![]() |
| Peserta pelatihan mempraktikkan penggunaan APAR saat simulasi pemadaman api di Komplek Dewa Kembar TNI AL Koarmada VI, Makassar, Senin (27/4/2026). (Dok. Pertamina Patra Niaga Regional Sulawesi) |
MAKASSAR, indinews.id - Pertamina Patra Niaga Regional Sulawesi melalui Integrated Terminal (IT) Makassar menggelar pelatihan penggunaan Alat Pemadam Api Ringan (APAR) bagi masyarakat di sekitar wilayah operasional.
Kegiatan ini menyasar warga Ring 1 di Kelurahan Tamalabba dan Pattingalloang, Kecamatan Ujung Tanah, sebagai bagian dari upaya peningkatan kesadaran dan kesiapsiagaan terhadap potensi kebakaran.
Pelatihan yang berlangsung di Komplek Dewa Kembar TNI AL Koarmada VI tersebut diikuti oleh 37 peserta dari berbagai kelompok binaan program tanggung jawab sosial perusahaan (CSR), seperti Kampung Safety, Bank Sampah, hingga pelaku usaha lokal.
Materi pelatihan disampaikan oleh tim Health, Safety, Security & Environment (HSSE) IT Makassar bersama Dinas Pemadam Kebakaran Kota Makassar.
Peserta mendapatkan pemahaman terkait dasar-dasar kebakaran, penyebab terjadinya api, serta langkah penanganan awal.
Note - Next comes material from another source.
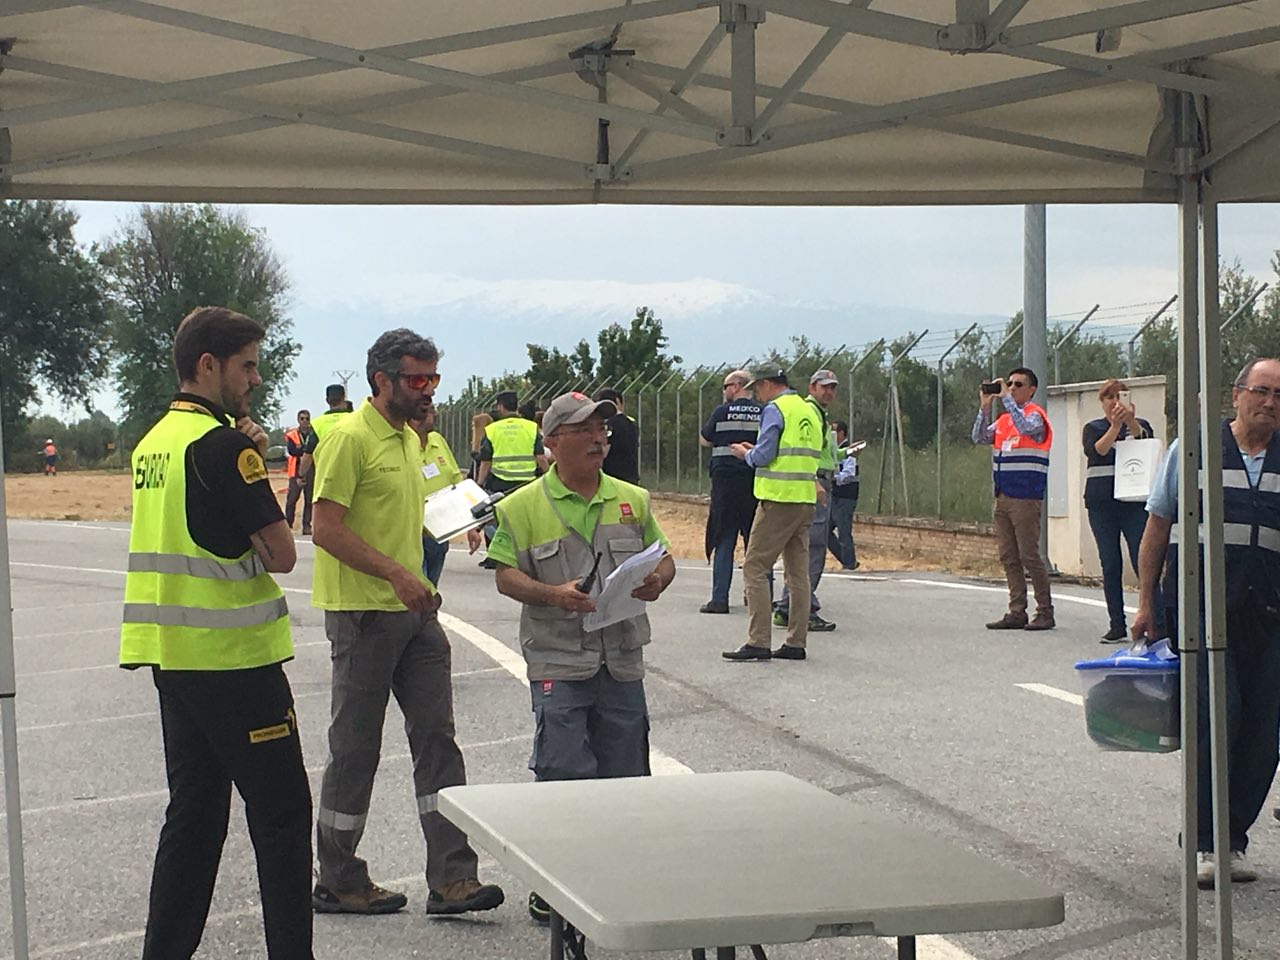 El Aeropuerto Federico García Lorca de Granada ha realizado este miércoles un simulacro de accidente aéreo para poner a prueba los mecanismos de coordinación y respuesta ante este tipo de incidentes y avanzar en la implantación y mejora de los planes de emergencia

Selain teori, peserta juga terlibat langsung dalam praktik pemadaman api menggunakan metode sederhana dan APAR.
Shift Supervisor I HSSE IT Makassar, Fajry Adi Rahman, menegaskan pentingnya keterampilan dasar penggunaan APAR dalam kehidupan sehari-hari.
Ia menyebutkan bahwa alat tersebut sebenarnya mudah ditemukan, namun belum dimanfaatkan secara optimal karena minimnya pemahaman masyarakat.
“APAR merupakan alat yang sering tersedia di berbagai fasilitas, tetapi penggunaannya belum maksimal karena kurangnya pengetahuan. Melalui pelatihan ini, kami ingin masyarakat lebih siap dan sigap saat menghadapi kondisi darurat,” ujarnya, Senin (27/4/2026).
Respons positif juga datang dari masyarakat setempat. Ketua RW 1 Tamalabba, Syamsinar, menilai pelatihan ini memberikan manfaat nyata dalam meningkatkan kewaspadaan warga terhadap potensi kebakaran di lingkungan permukiman.
Program ini turut mendukung pencapaian Tujuan Pembangunan Berkelanjutan (SDGs), khususnya poin 11 tentang kota dan permukiman yang aman dan berkelanjutan.
Selain itu, kegiatan ini juga sejalan dengan prinsip Environmental, Social, and Governance (ESG) yang menekankan pemberdayaan masyarakat serta pengelolaan lingkungan secara berkelanjutan.
Area Manager Communication, Relation, & CSR Pertamina Patra Niaga Regional Sulawesi, Lilik Hardiyanto, menegaskan bahwa edukasi keselamatan menjadi bagian penting dalam membangun ketahanan masyarakat di sekitar wilayah operasi perusahaan.
“Pertamina mendorong masyarakat untuk memiliki kesiapan menghadapi potensi risiko di lingkungan sekitarnya. Pelatihan seperti ini memperkuat pengetahuan praktis sekaligus membangun budaya keselamatan yang lebih luas di tengah masyarakat,” kata Lilik.
Ke depan, Pertamina Patra Niaga Regional Sulawesi berkomitmen untuk terus menghadirkan program pemberdayaan yang relevan, khususnya di bidang keselamatan, lingkungan, dan keberlanjutan.